Ciò che porta la vittima ad incolparsi non solo è il senso di vergogna e di giudizio nel sentirsi inadeguata, non all’altezza ma viene anche fortemente influenzata dal punto di vista delle persone attorno: capita sempre più spesso che ci si nasconde dietro affermazioni quali se l’è meritato, poteva scappare, se l’è inventato e così la vittima si sente in colpa per ciò che è successo, alienata.

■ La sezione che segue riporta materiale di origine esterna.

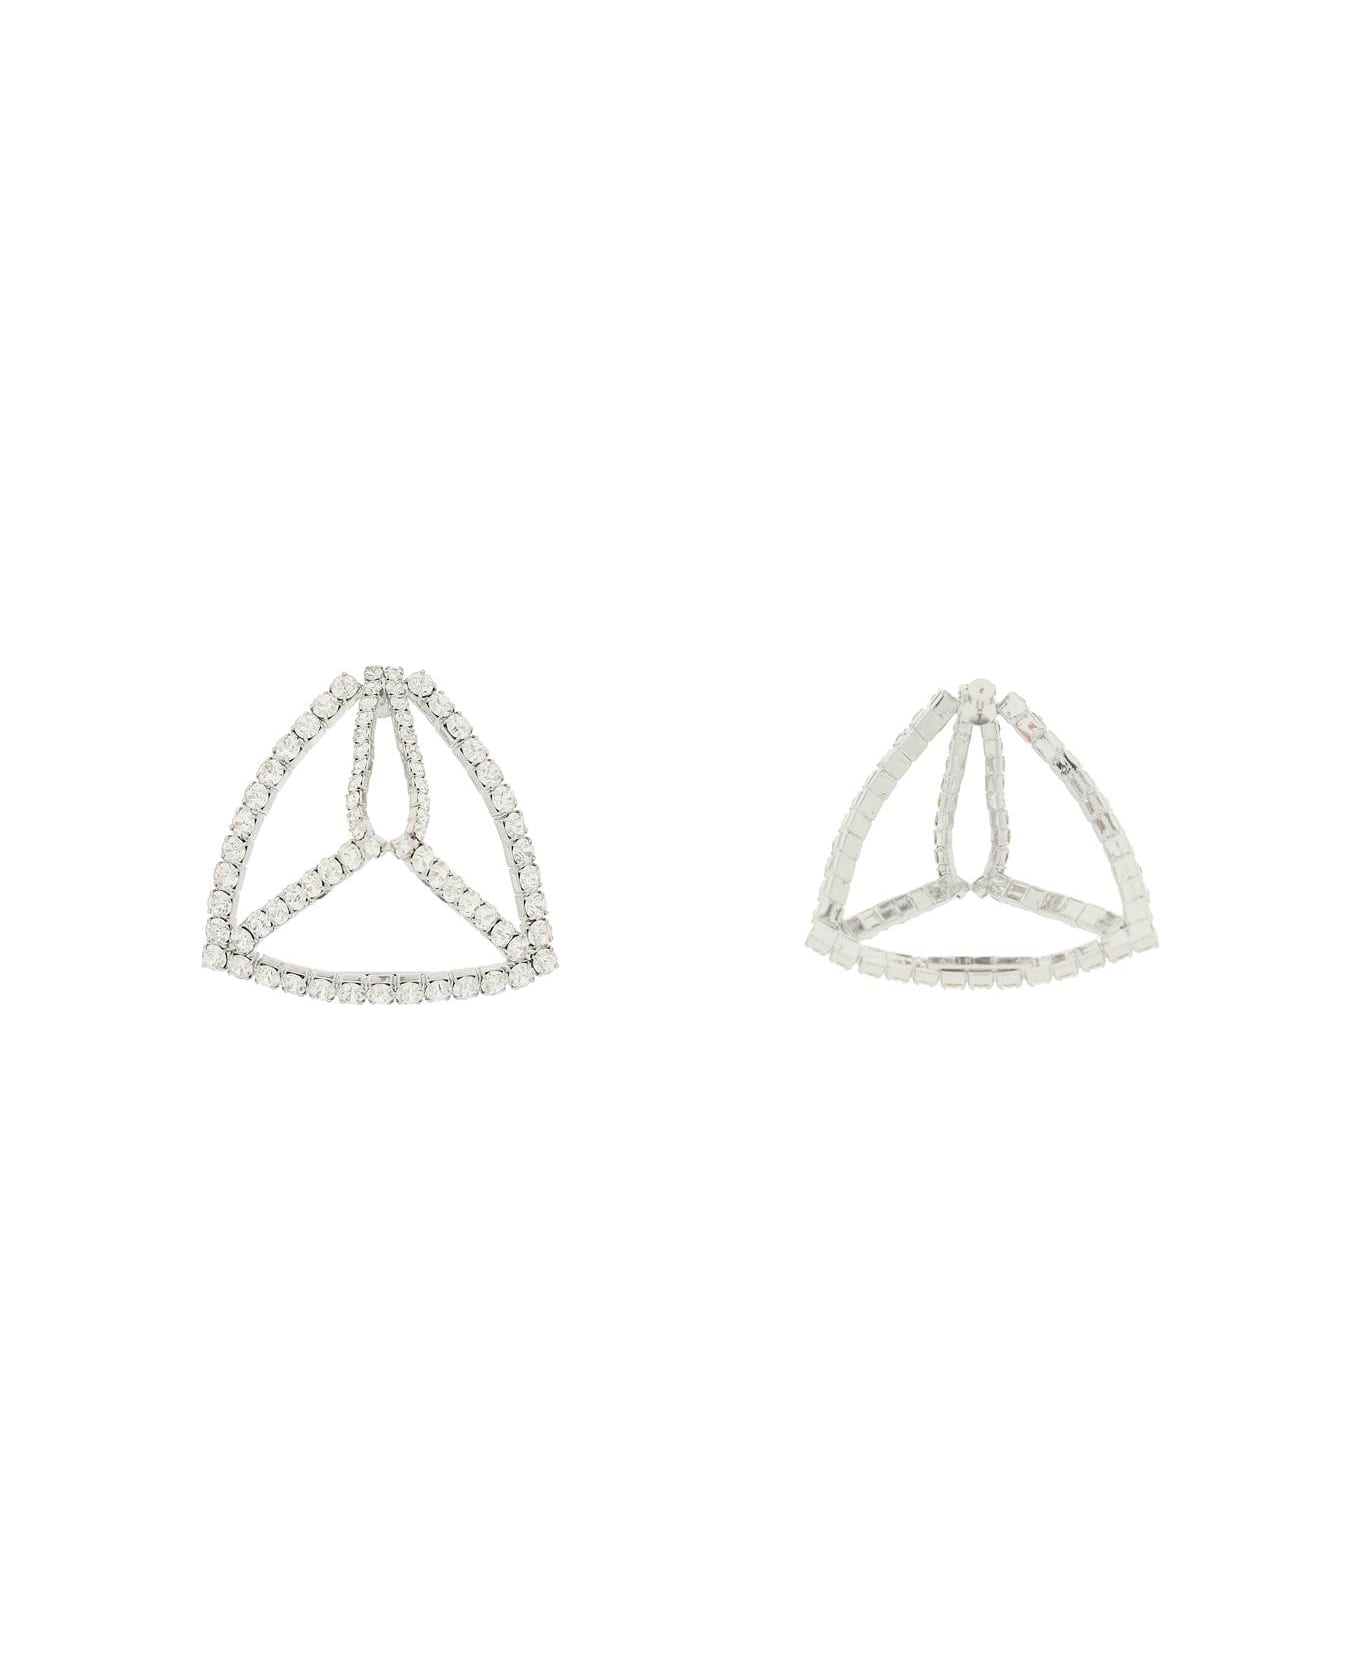 AREA 'crystal Pyramid' Earrings - CLEAR SILVER (Silver) イヤリング

Altro punto a sfavore è costutito dal tempismo: se la vittima ad esempio non riesce a trovare il coraggio di denunciare, di ribellarsi ma ci riesce anni dopo, allora deve sentirsi in colpa perché o l’ha inventato o la situazione le è andata bene fino a quel momento. In Cina, il victim-blaming è giustificato dal fatto che è una nazione prettamente ancorata alla tradizione: la donna deve rispettare il suo posto e nel momento in cui così non fosse, merita di essere punita, merita di ricevere un trattamento negativo perché non ha rispettato il potere di una persona che automaticamente ed erroneamente si riconosce come superiore. L’assalitore si percepisce come superiore, come autoritario: sente di poter controllare la vittima che in quanto tale è in una situazioone di controllo totale, subisce passivamente.